Exercise data
- - -

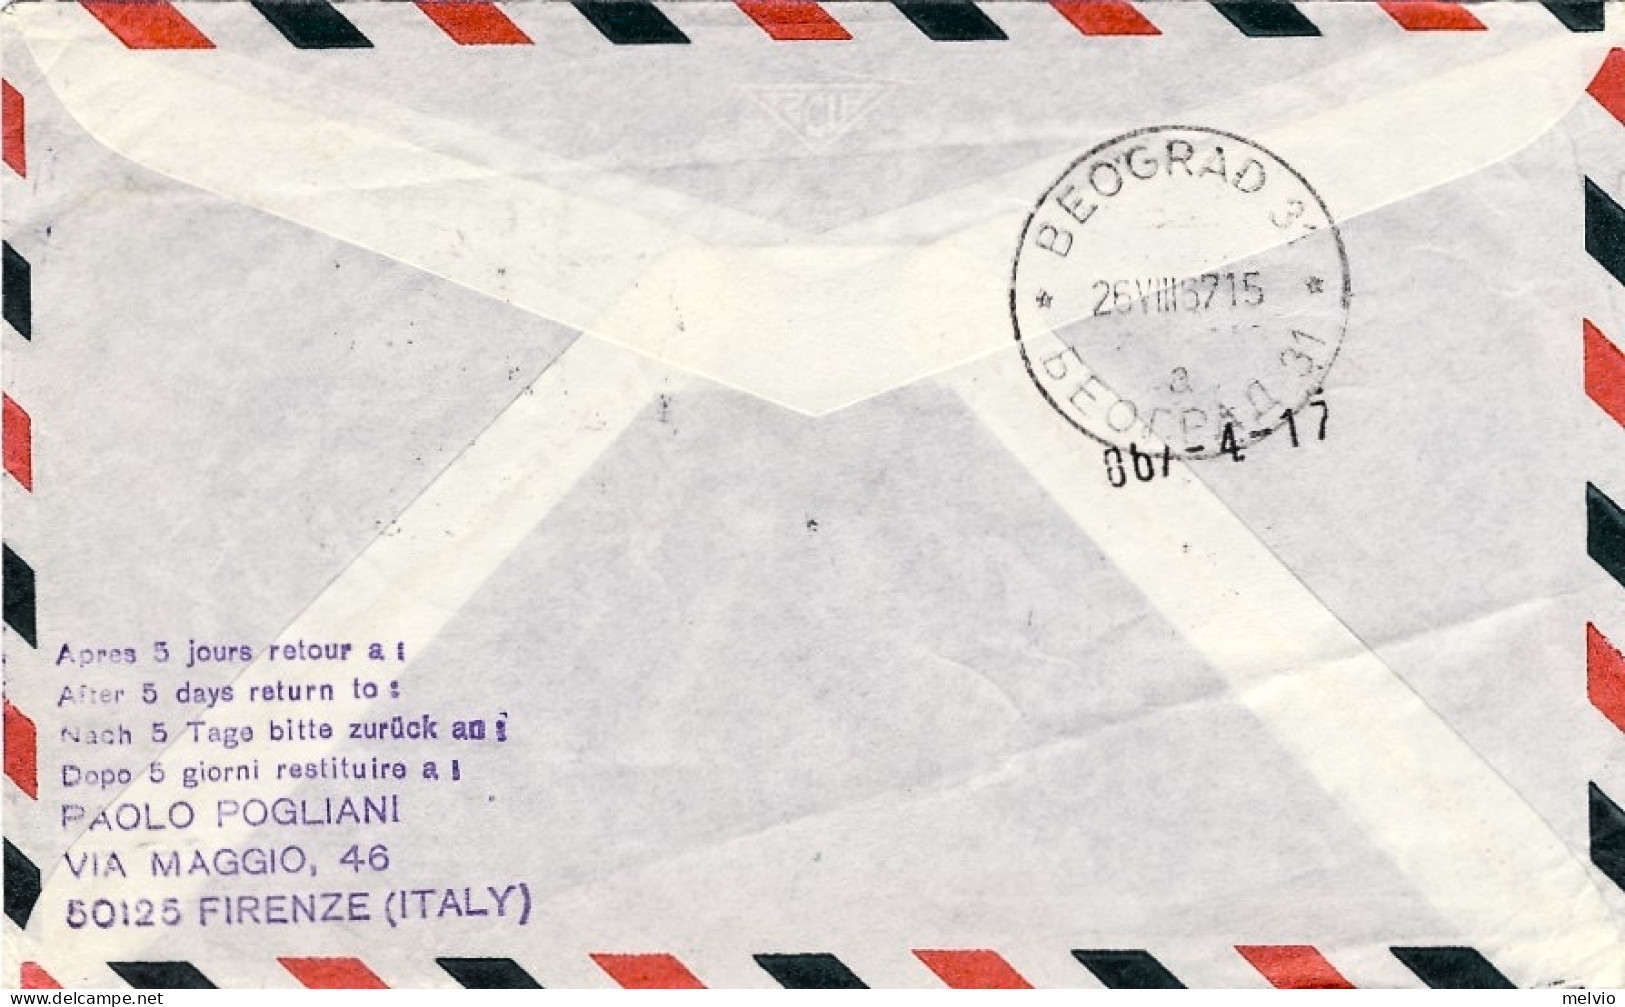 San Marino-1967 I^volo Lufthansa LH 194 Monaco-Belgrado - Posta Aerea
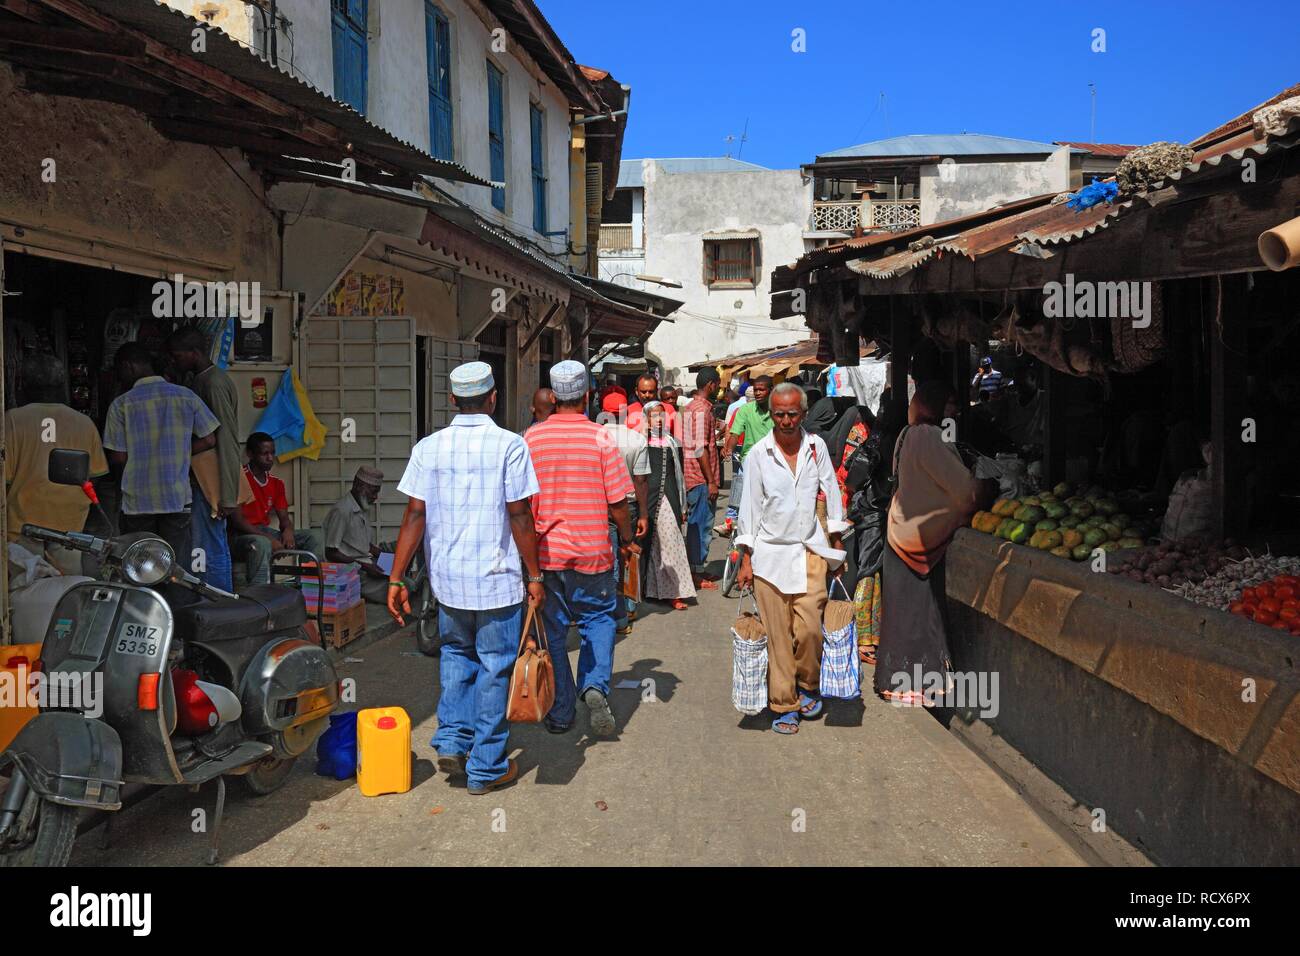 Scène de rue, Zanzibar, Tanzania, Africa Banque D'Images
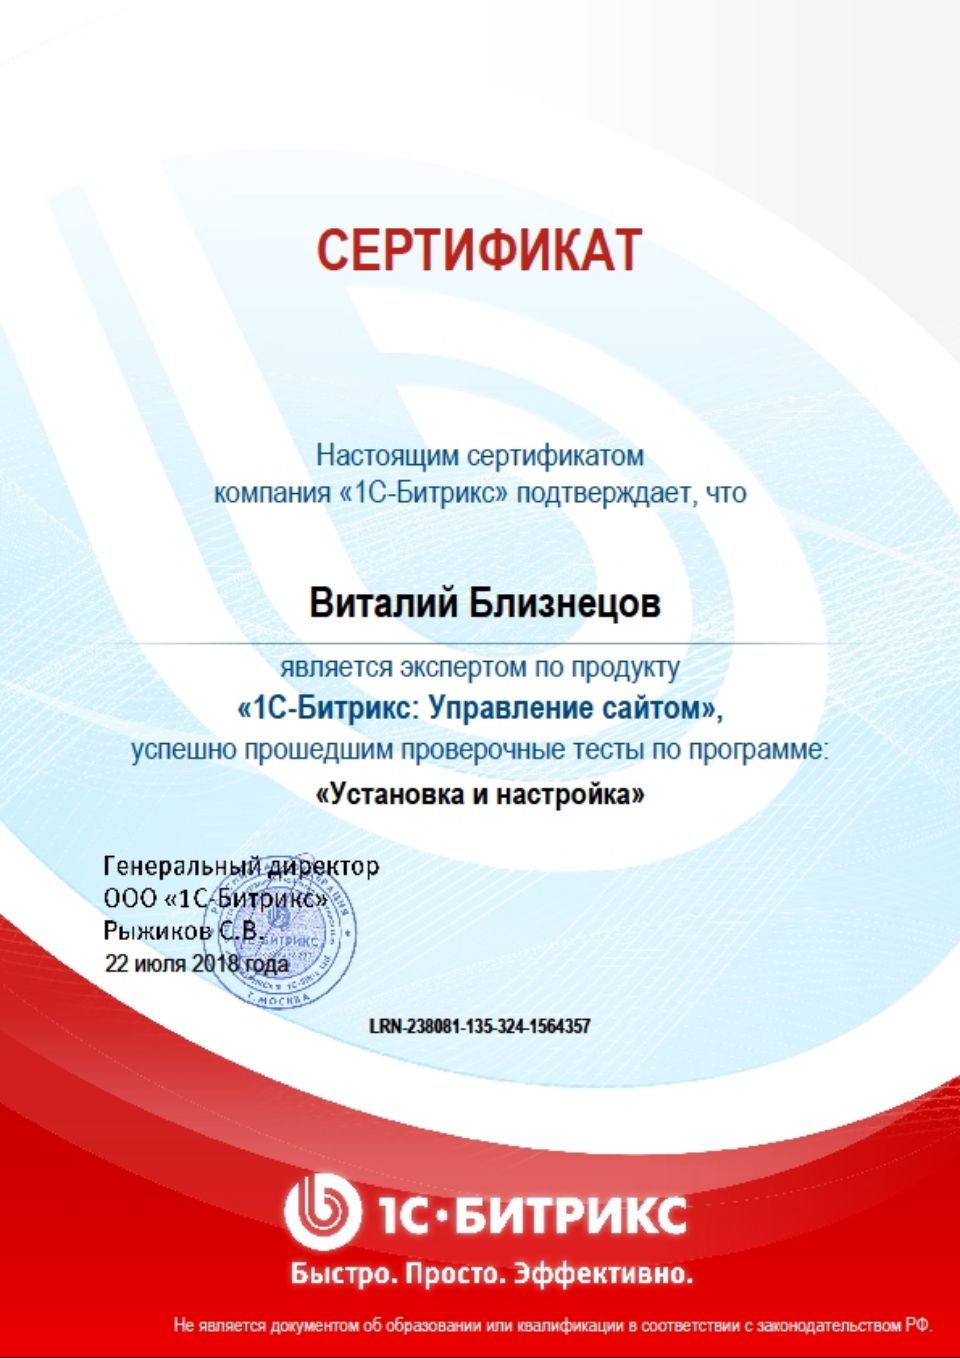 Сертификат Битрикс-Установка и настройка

- - -

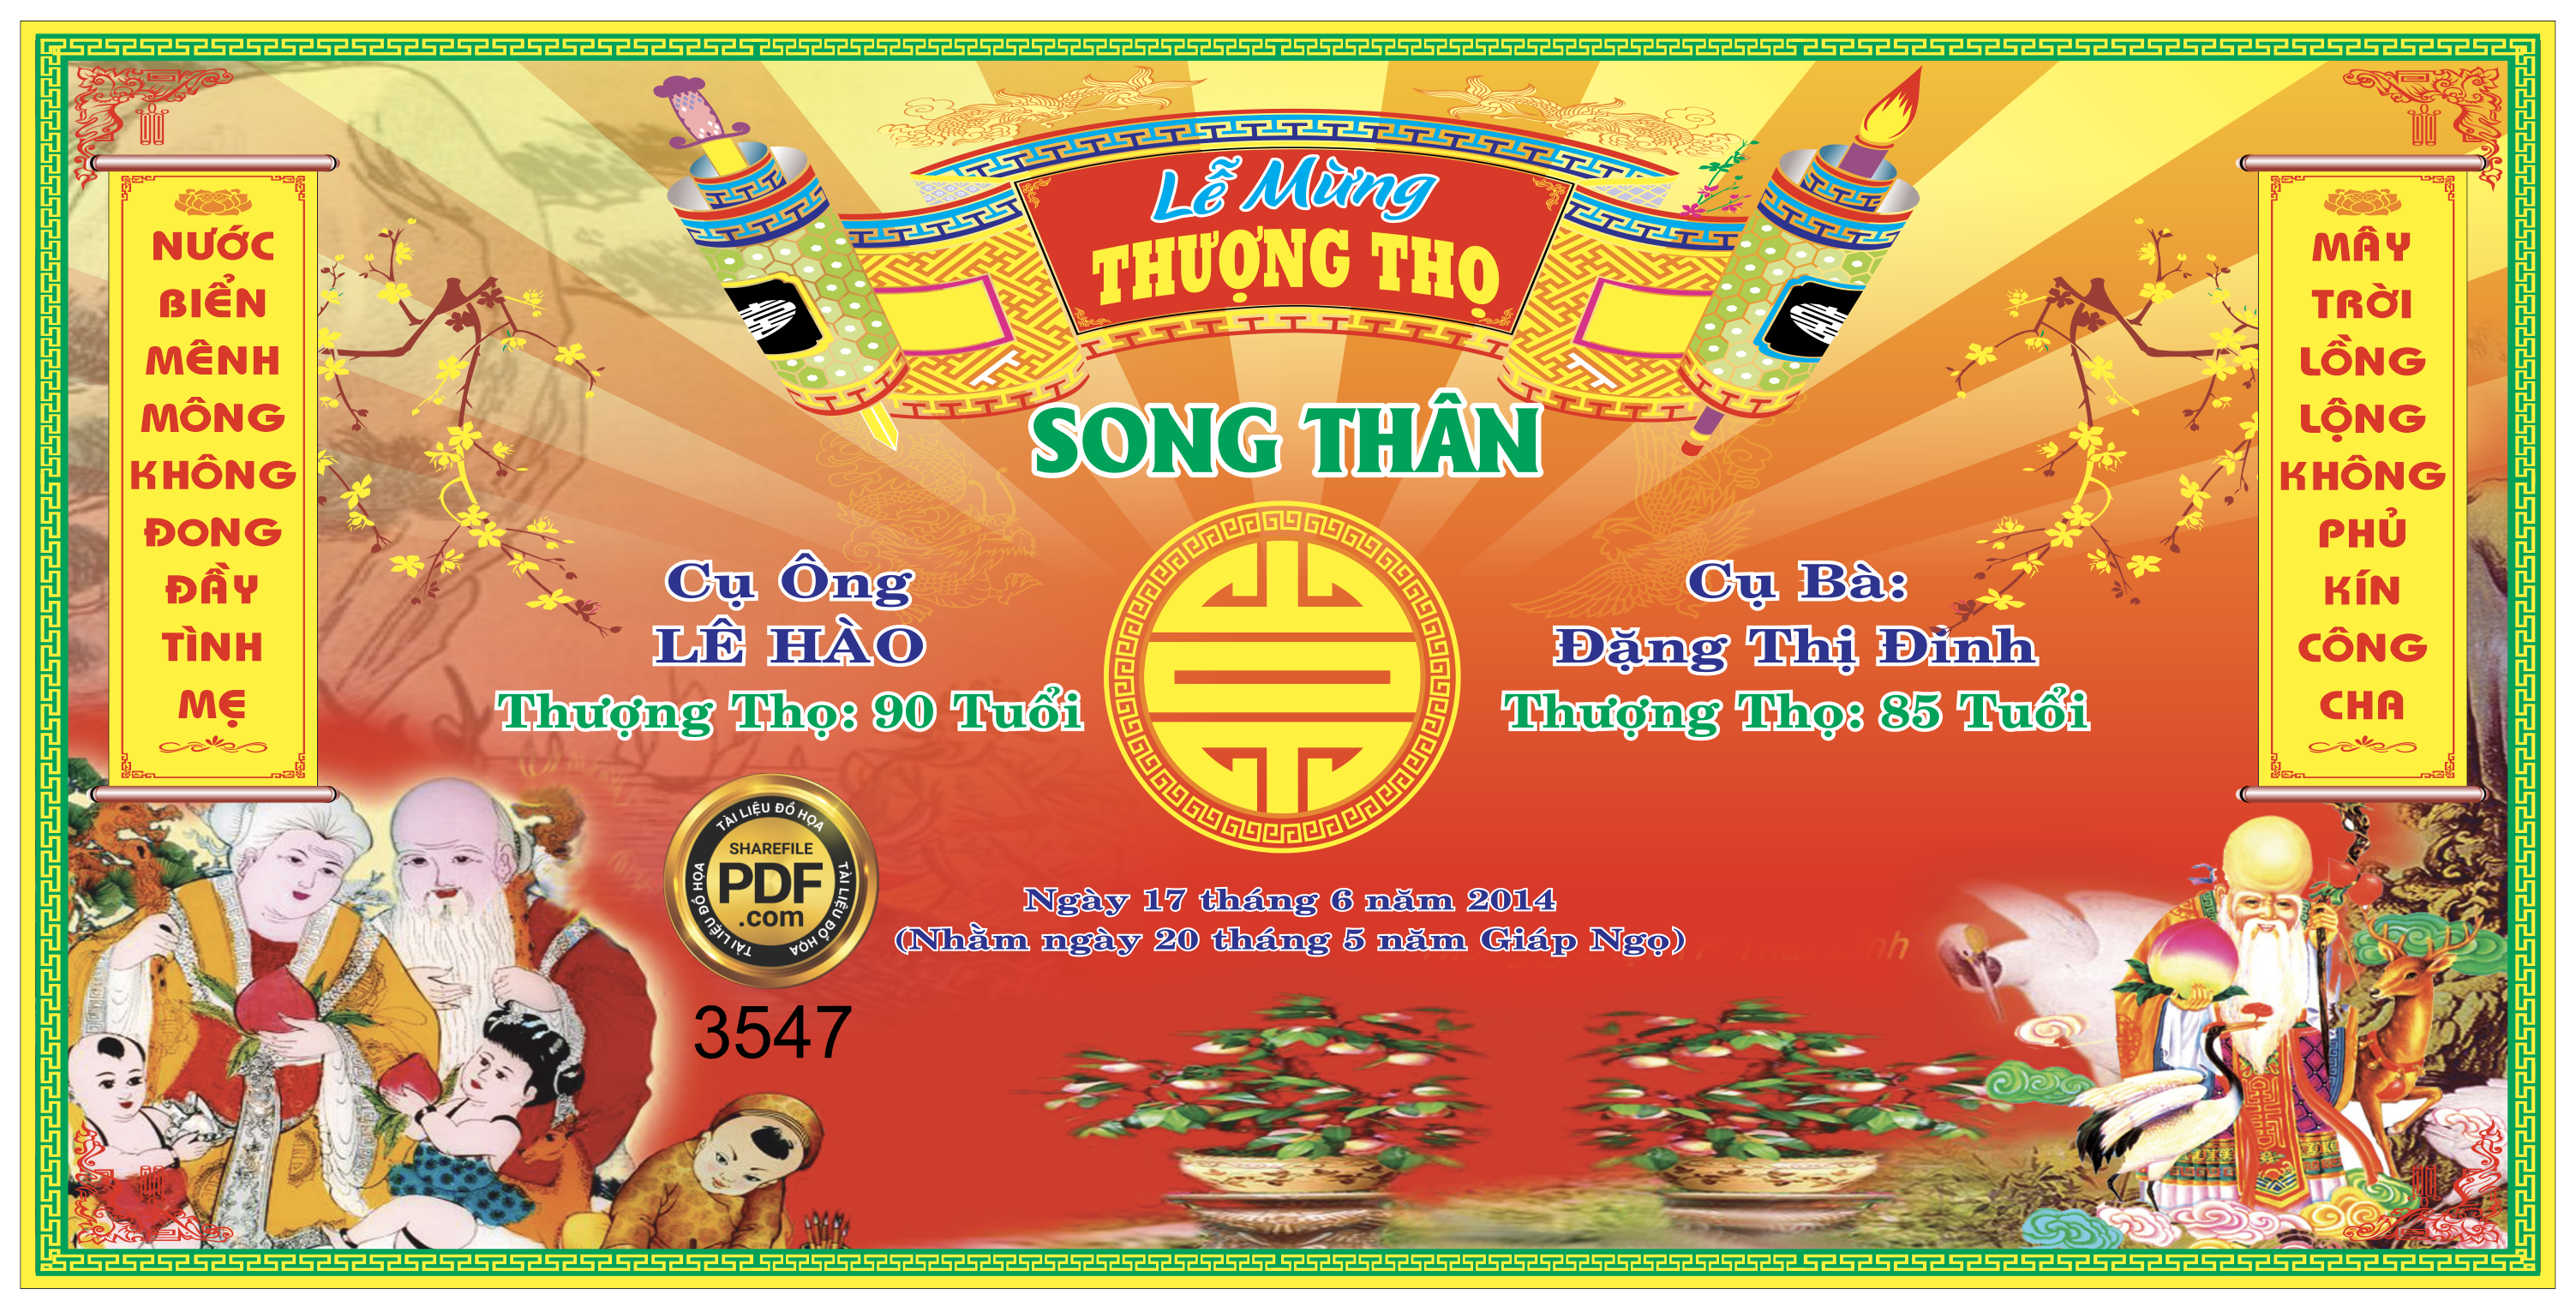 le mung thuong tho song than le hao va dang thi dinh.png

- - -

Task statement
Starting with the line that has "San Marino-1967 I^volo" and ending with the line that has "Сертификат Битрикс-Установка и настройка", repeat the lines above exactly, omitting every picture.

Written solution
 San Marino-1967 I^volo Lufthansa LH 194 Monaco-Belgrado - Posta Aerea
 Scène de rue, Zanzibar, Tanzania, Africa Banque D'Images
 Сертификат Битрикс-Установка и настройка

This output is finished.